1. One Bomanji Dorabji Kumana is said to have executed his last Will and testament on 19th June, 1975. The testator died at Bombay on 11th August, 1978. Rustom D. Kumana and Gool D. Kumana who were the surviving executor and executrix applied for grant of probate before this Court and the probate was granted on 23rd October, 1981. Beneficiaries under the said Will are the present respondents. The present appellant who claims to be one of the legal heirs of the testator and who was not issued the citation of probate proceedings applied for revocation of probate granted on 23rd October, 1981 by filing petition under Section 263 of the Indian Succession Act, 1925 before this Court. Initially, in the petition for revocation of probate, the present appellant only impleaded the first respondent but thereafter under the order of the Court, all the surviving beneficiaries under the Will dated 19th June, 1975 were impleaded. The impleaded beneficiaries contested the petition for revocation of probate filed by the present appellant on diverse grounds. The learned Single Judge of this Court after hearing the parties on the basis of the available material rejected the petition for revocation of probate by order dated 9th February, 1996. Aggrieved thereby, the appeal has been preferred by the present appellant.

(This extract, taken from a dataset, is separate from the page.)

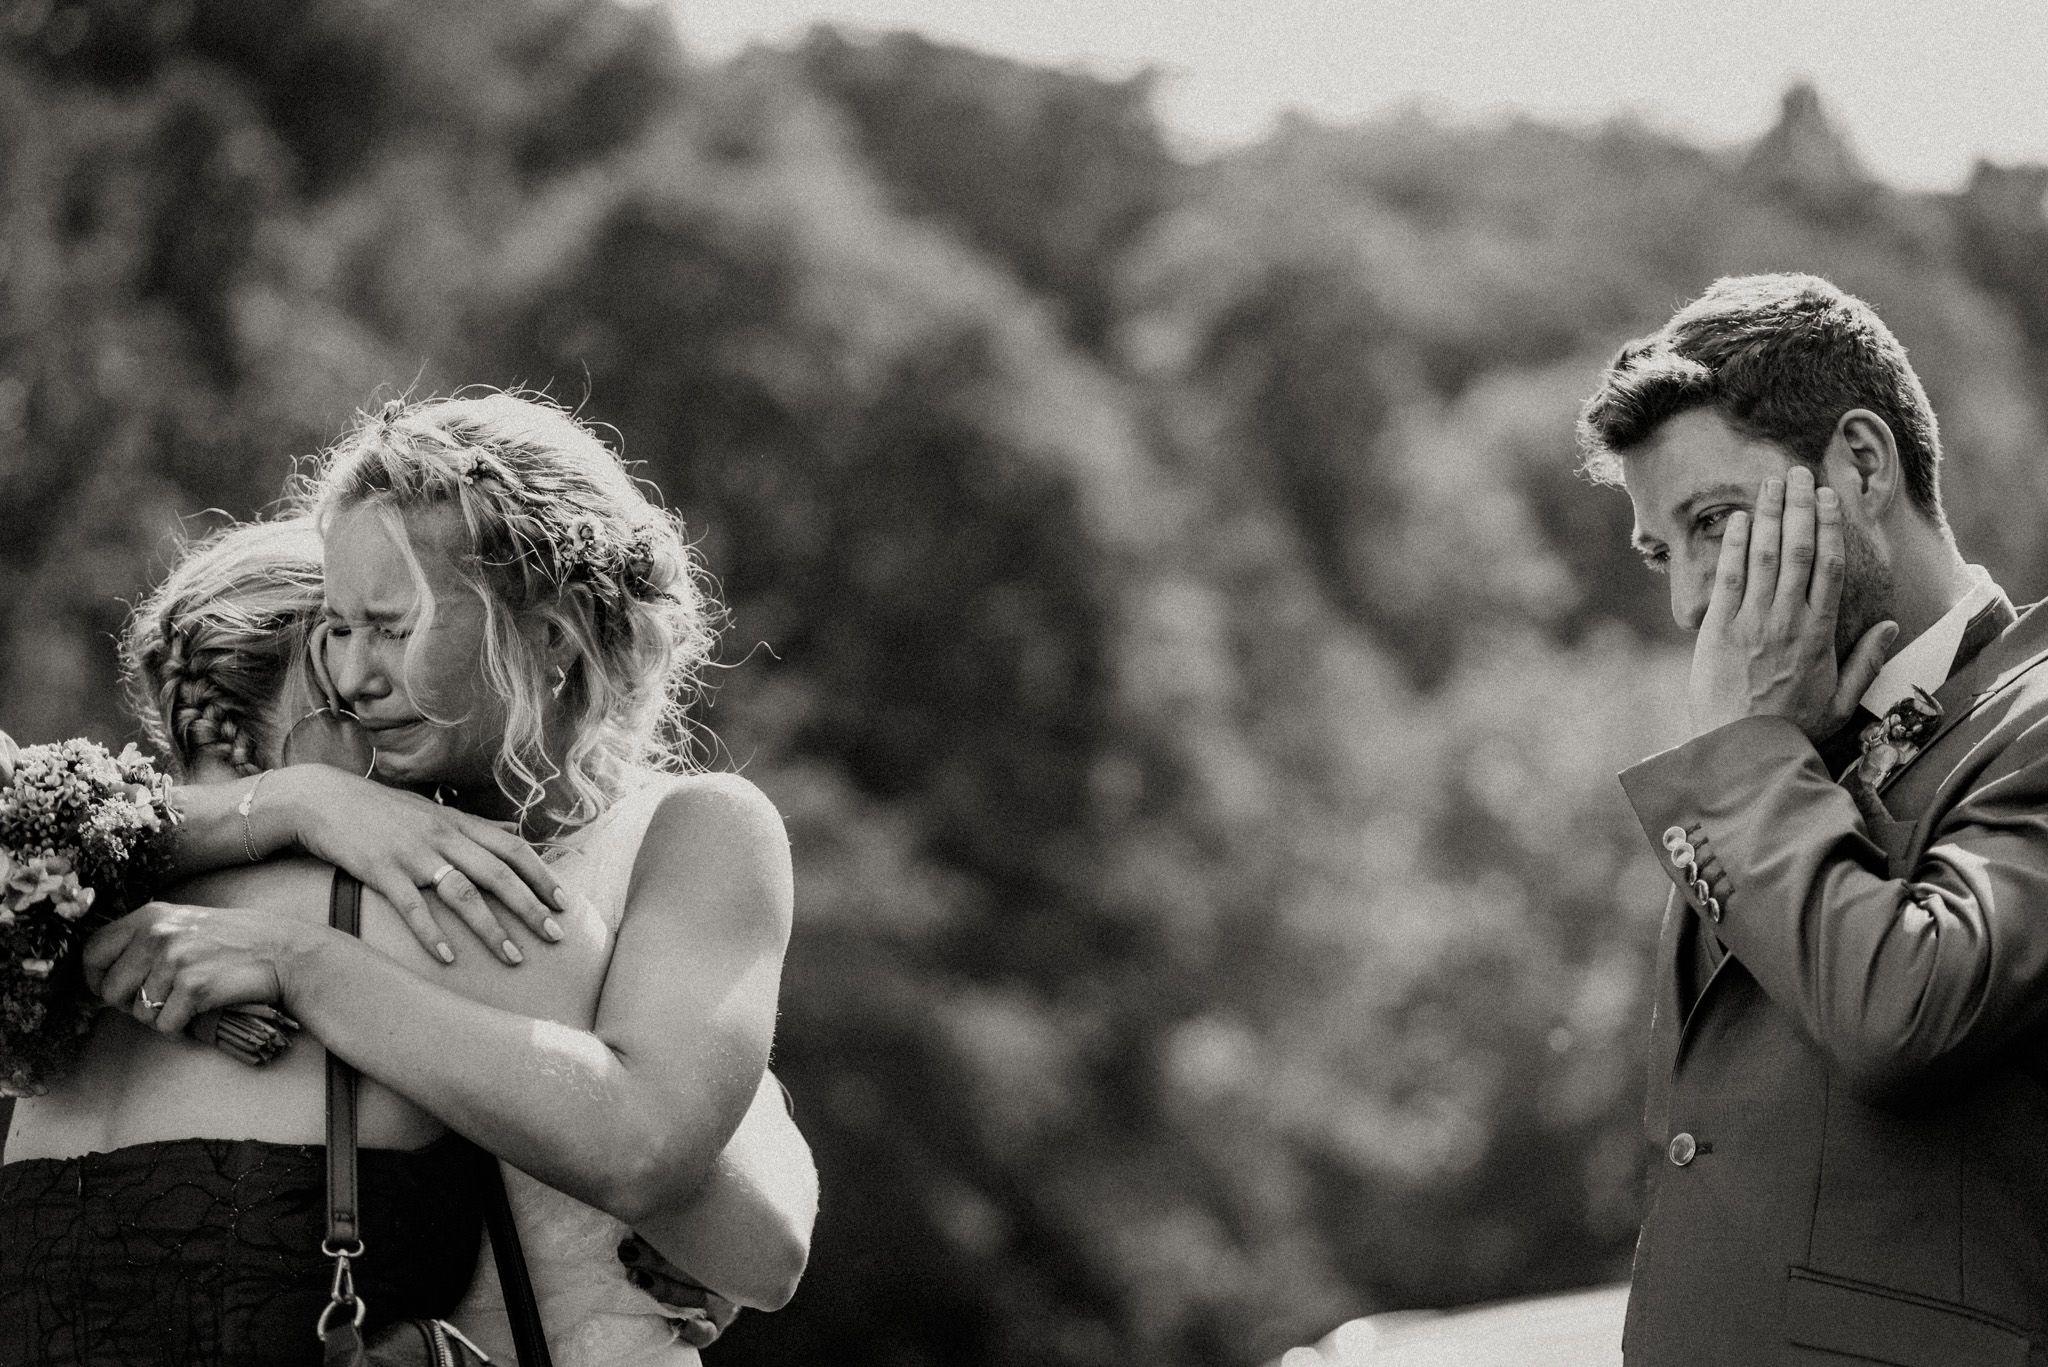 Emotionaler Moment nach der herzergreifenden freien Trauung bei der Sommer Zelt Hochzeit von Janine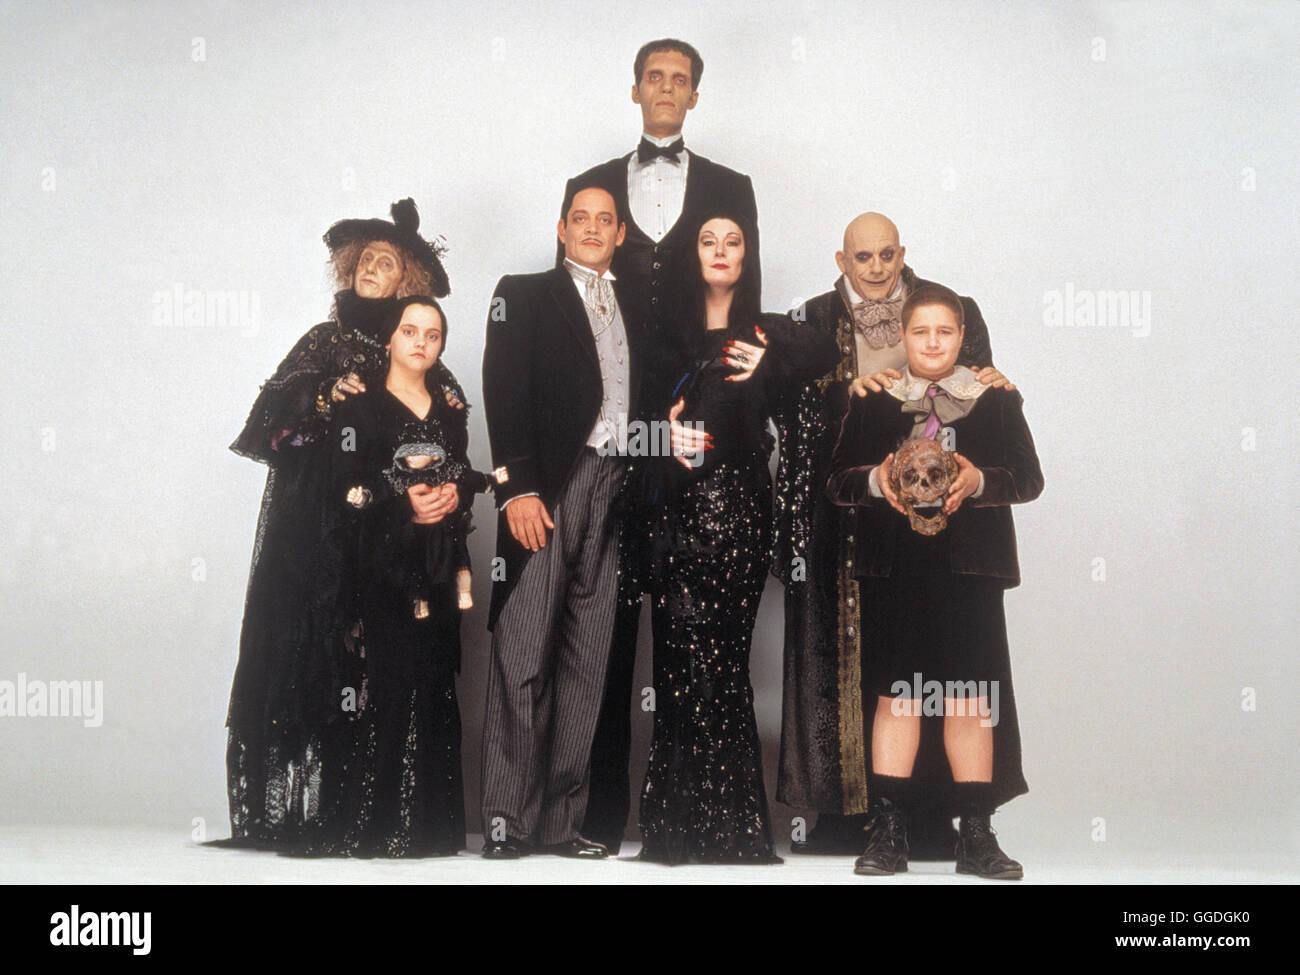 Addams Family Values Morticia Stock Photos Addams Family Values

2. In the petition for revocation of probate granted on 23rd October, 1981 of the said last Will and testament dated 19th June, 1975 of the late Bomanji Dorabji Kumana, the case was set up by the appellant (hereinafter to be referred to as the petitioner) that he first became aware of the alleged Will/probate of Bomanji Dorabji Kumana only on 12th September, 1992 in connection with the proceedings in suit No. 8 of 1986, The petitioner set up the case that he being one of the legal heirs, it was the bounden duty of the propounder to duly issue citation to each and every legal heir including the petitioner and having not done that which was necessary and required to be done, the probate was liable to be revoked under Section 263 of the Act of 1925. The petitioner submitted that since he became aware of the said Will/probate only on 12-9-1992, the question of delay does not arise. The petitioner set up the case that non-issuance of citation to all the legal heirs of the deceased testator was a deliberate and fraudulent act on the part of the propounders of the Will and on that ground also grant of probate was also liable to be revoked.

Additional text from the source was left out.